I have no idea how to find out which one of these it is, however.


----------



## tomster (Jan 29, 2014)

FWIW i'm getting the same behaviour on 9.2-RELEASE #0 r255898


----------



## Ajax (Jan 29, 2014)

Looks like the code itself is broken since source code build also doesn't work


----------



## tomster (Jan 29, 2014)

it's probably some library that's been updated, not a fault on avahi itself. i got the error with 0.6.29 after upgrading some other ports (can't remember which). after experiencing the breakage i upgraded avahi to 0.6.31 (both from binary as well as from ports). neither worked.


----------



## teig (Jan 30, 2014)

Bummer, just updated packages via pkg, for the first time since pkgng, and ran into this issue.
My mouse is gone, very annoying!


----------



## teig (Jan 30, 2014)

It can be fixed by adding --disable-stack-protector to CONFIGURE_ARGS in the /usr/ports/net/avahi-app/Makefile.
And rebuilding it.
Ref. freebsd-ports mailing list.

Still no mouse though, in X, works in console!


----------



## bnk (Jan 30, 2014)

teig said:
			
		

> It can be fixed by adding --disable-stack-protector to CONFIGURE_ARGS in the /usr/ports/net/avahi-app/Makefile.
> And rebuilding it.
> Ref. freebsd-ports mailing list.



Thanks for passing along the tip from the list, @teig! Disabling stack protector eliminated the SIGSEGV on start for me, too.

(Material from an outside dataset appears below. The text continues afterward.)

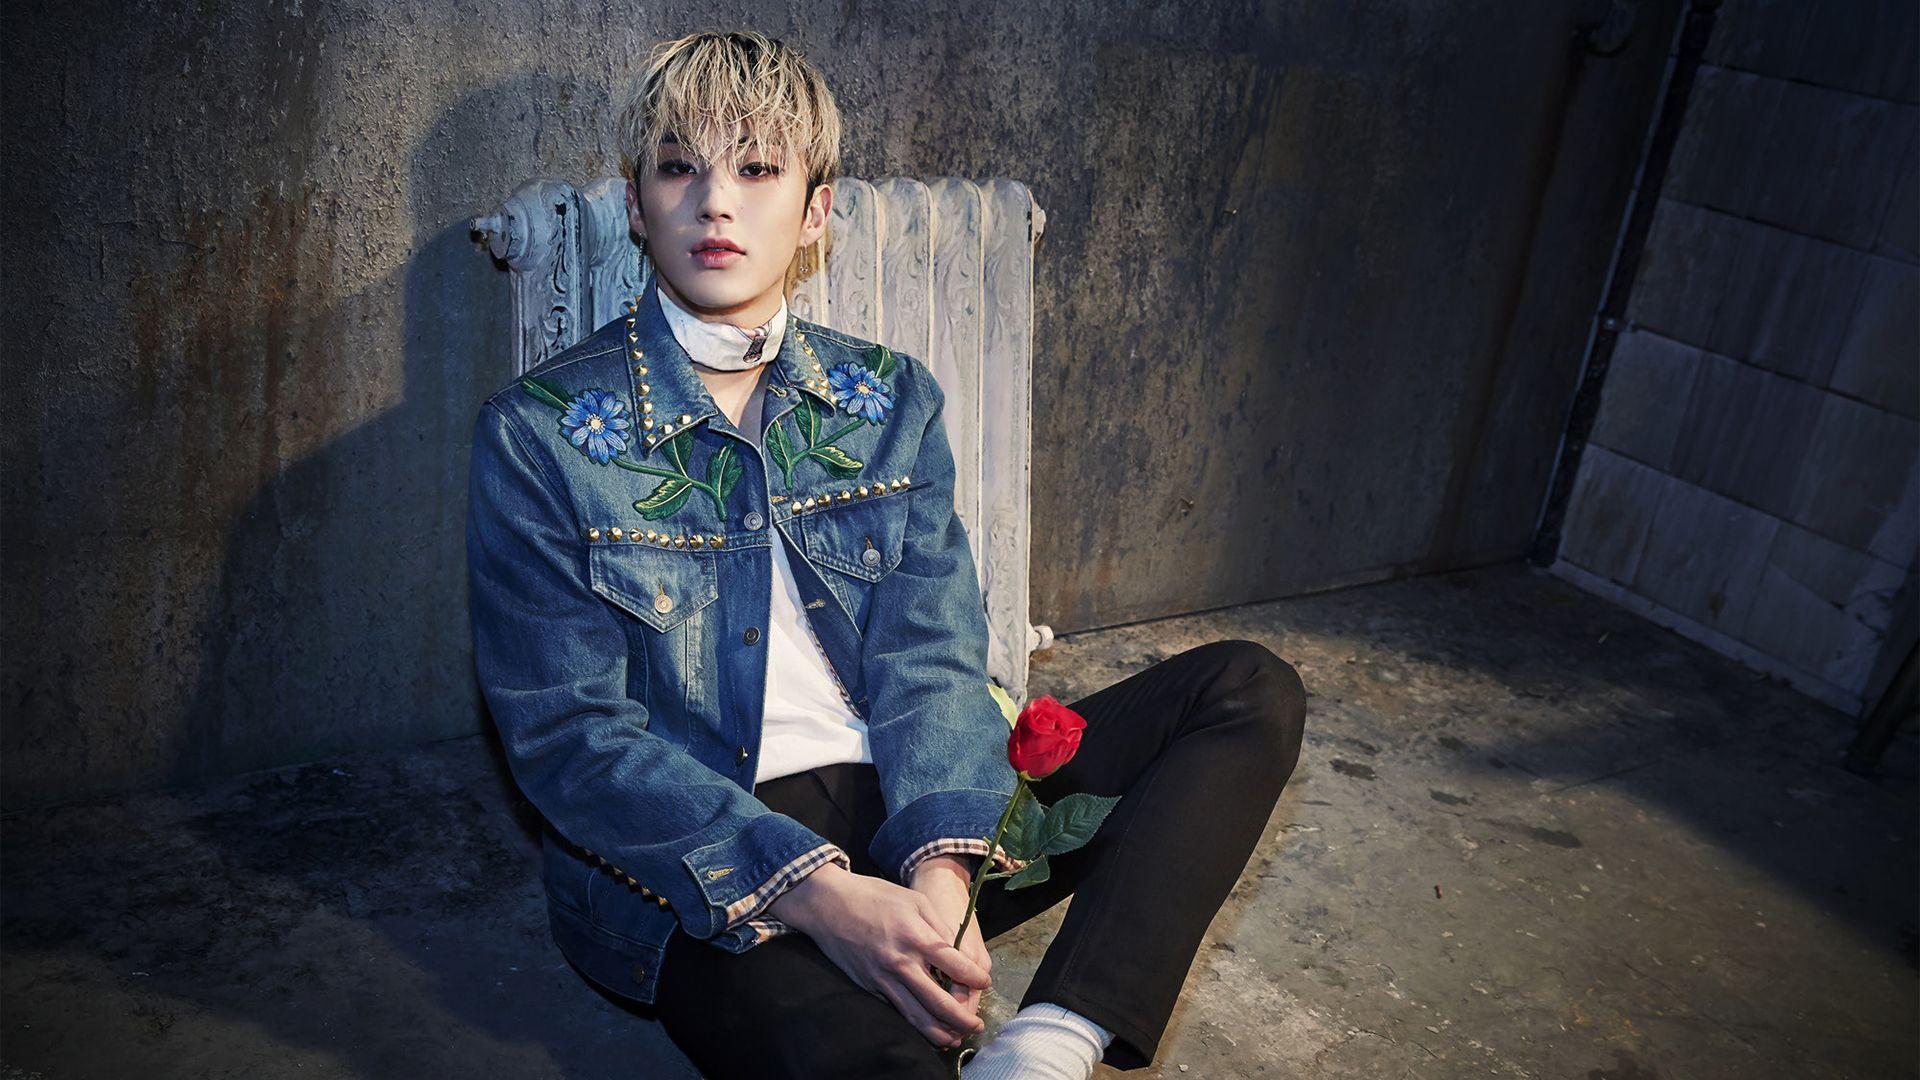 Desktop Wallpaper / B.A.P 비에이피 MoonJongup 문종업 Jongup 종업 | Wallpaper K-POP Boys Full HD ...

FWIW, afpd in net/netatalk seg-faulted on start for me, as well. The same fix, disabling stack protector, eliminated that one, too.

I'd rather run these network services with stack protector turned on! Is something about stack protector in clang problematic that was not problematic in gcc?



			
				teig said:
			
		

> Still no mouse though, in X, works in console!



Sorry to hear that. I haven't encountered that problem after upgrading from 9.2-STABLE to 10.0-RELEASE with freebsd-update.

Thanks again,
-Brad


----------



## ahanikel (Jan 31, 2014)

teig said:
			
		

> It can be fixed by adding --disable-stack-protector to CONFIGURE_ARGS in the /usr/ports/net/avahi-app/Makefile.



Thank you very much, YMMD!


----------



## rhish (Feb 9, 2014)

nm


----------